The concavity parameter

concavity controls how aggressively the hull “cuts in” to follow the data boundary. It is the key tuning parameter for method = "concave".

Value Behaviour
1.0–1.5 Very tight – tracks the data boundary closely
2.0 Default – good balance for most tissue shapes
3.0–5.0 Relaxed – approaches the convex hull

When to use lower values: C-shapes, crescents, U-shapes, any tissue with a notch or bay. When to use higher values: Dense blobs where you want a smooth, padded boundary. If you see the mask cutting through the interior of your tissue, increase concavity. If it fills in empty space at concavities, decrease it.


Section 4 – Multi-cluster blobs: connected vs. isolated masks

When tissue fragments are well-separated, a low kde_threshold will produce a single mask that bridges them (because the KDE density never drops to zero between clusters at low thresholds). A higher threshold separates them into distinct polygons.

The raster method’s raster_sigma plays the analogous role: a large sigma bridges clusters; a small sigma isolates them.

mk_cluster <- function(n, cx, cy, sd = 0.4)
  data.frame(x = rnorm(n, cx, sd), y = rnorm(n, cy, sd))

coords_multi <- rbind(mk_cluster(150, 0, 0),
                      mk_cluster(150, 4, 1),
                      mk_cluster(150, 2, 4))

m4a <- fit_spatial_mask(coords_multi, method = "convex",  verbose = FALSE)
m4b <- fit_spatial_mask(coords_multi, method = "concave", concavity = 2,
                        verbose = FALSE)
m4c <- fit_spatial_mask(coords_multi, method = "kde",
                        kde_threshold = 0.01, buffer_dist = 0.15,
                        verbose = FALSE)
m4d <- fit_spatial_mask(coords_multi, method = "kde",
                        kde_threshold = 0.25, buffer_dist = 0.15,
                        verbose = FALSE)
(plot_mask(m4a, coords_multi, title = "4a. Convex") +
 plot_mask(m4b, coords_multi, title = "4b. Concave")) /
(plot_mask(m4c, coords_multi,
           title    = "4c.
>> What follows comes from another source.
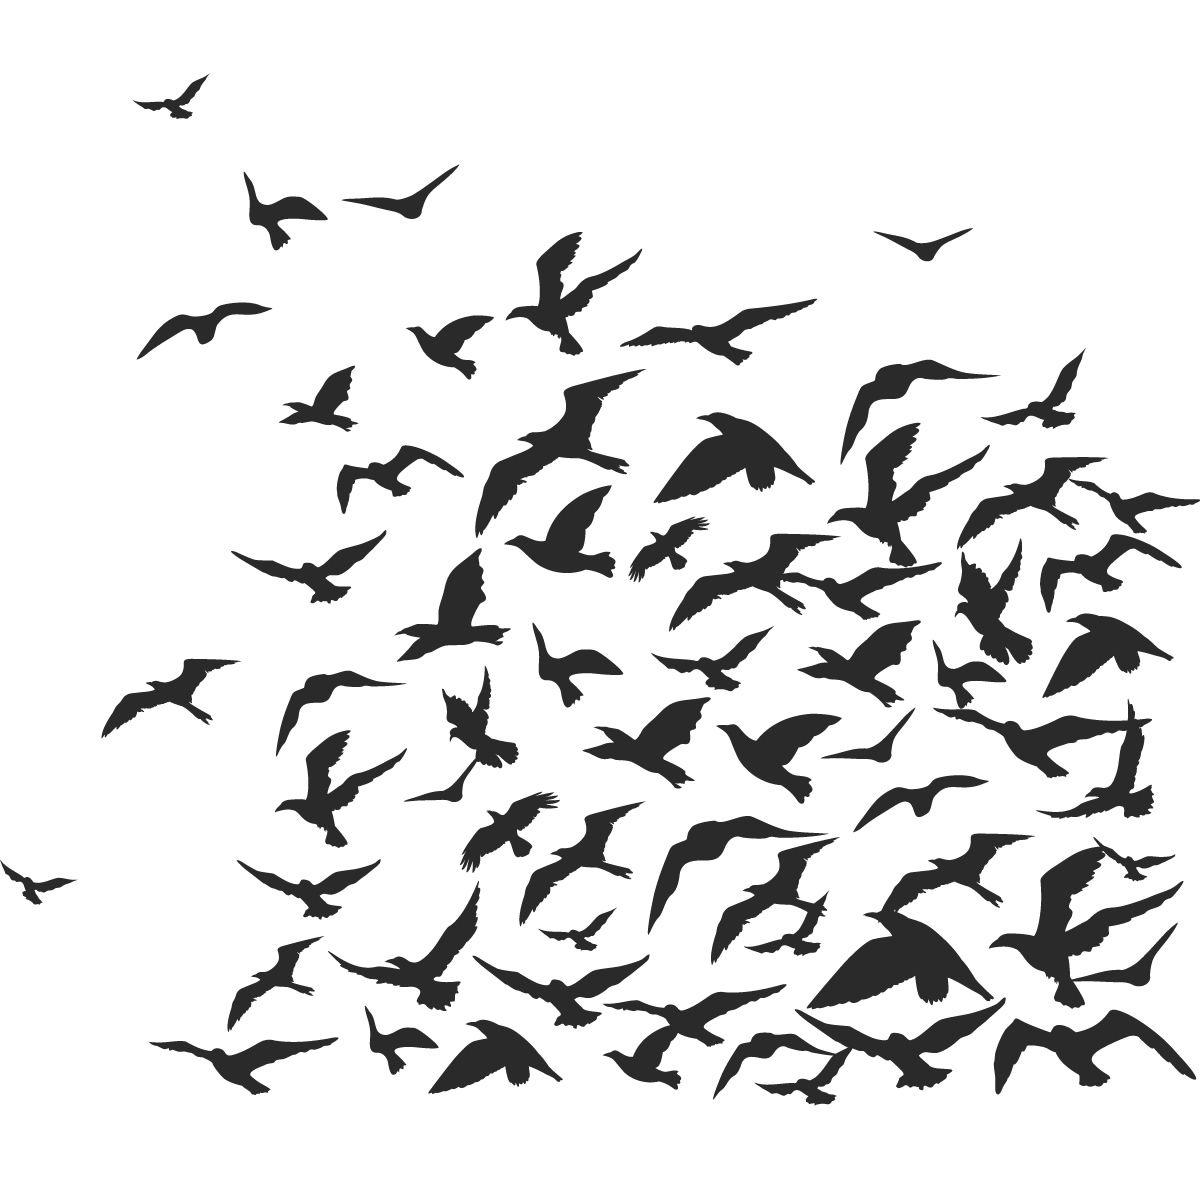 Flock Of Birds Animals Wall Art Decal Wall Stickers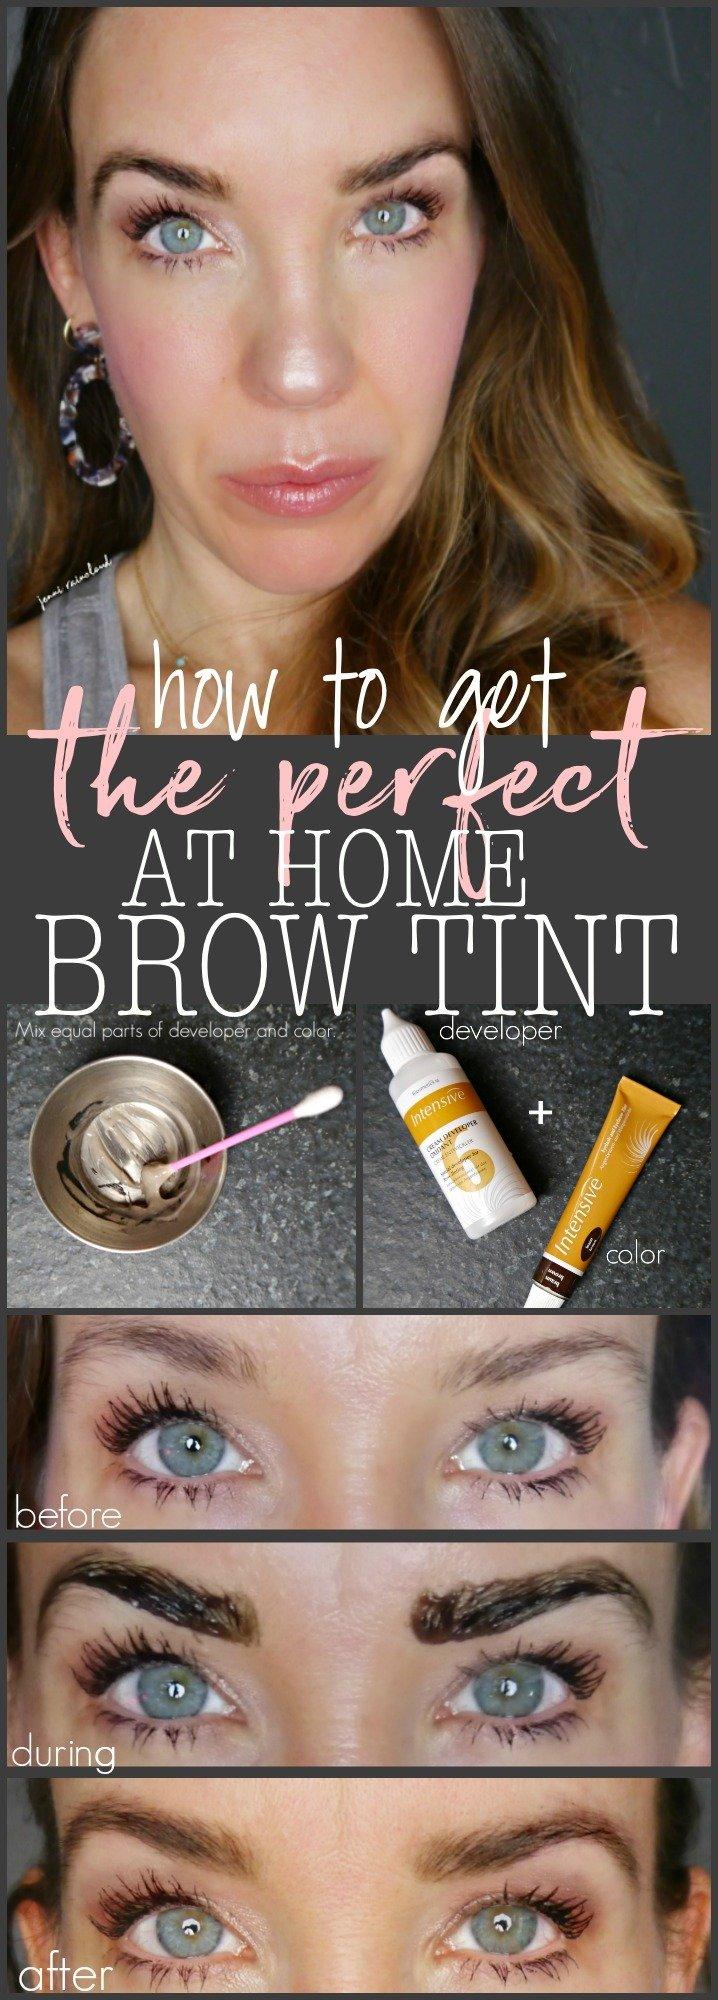 At Home Brow Tint

KDE -- inclusive",
           subtitle = "threshold=0.01: merged",
           fill = "#27ae60", border = "#1e8449") +
 plot_mask(m4d, coords_multi,
           title    = "4d. KDE -- tight",
           subtitle = "threshold=0.25: separated",
           fill = "#8e44ad", border = "#6c3483")) +
plot_annotation(
  title = "Section 4: Multi-Cluster",
  theme = theme(plot.title = element_text(face = "bold", size = 13)))

Choosing kde_threshold

kde_threshold is expressed as a quantile of the KDE density values across the grid.

  • Low values (0.01–0.05): the contour is drawn far out in the low-density tails. Clusters merge; mask is generous.
  • High values (0.15–0.30): only the dense core is enclosed. Clusters separate; mask is tight.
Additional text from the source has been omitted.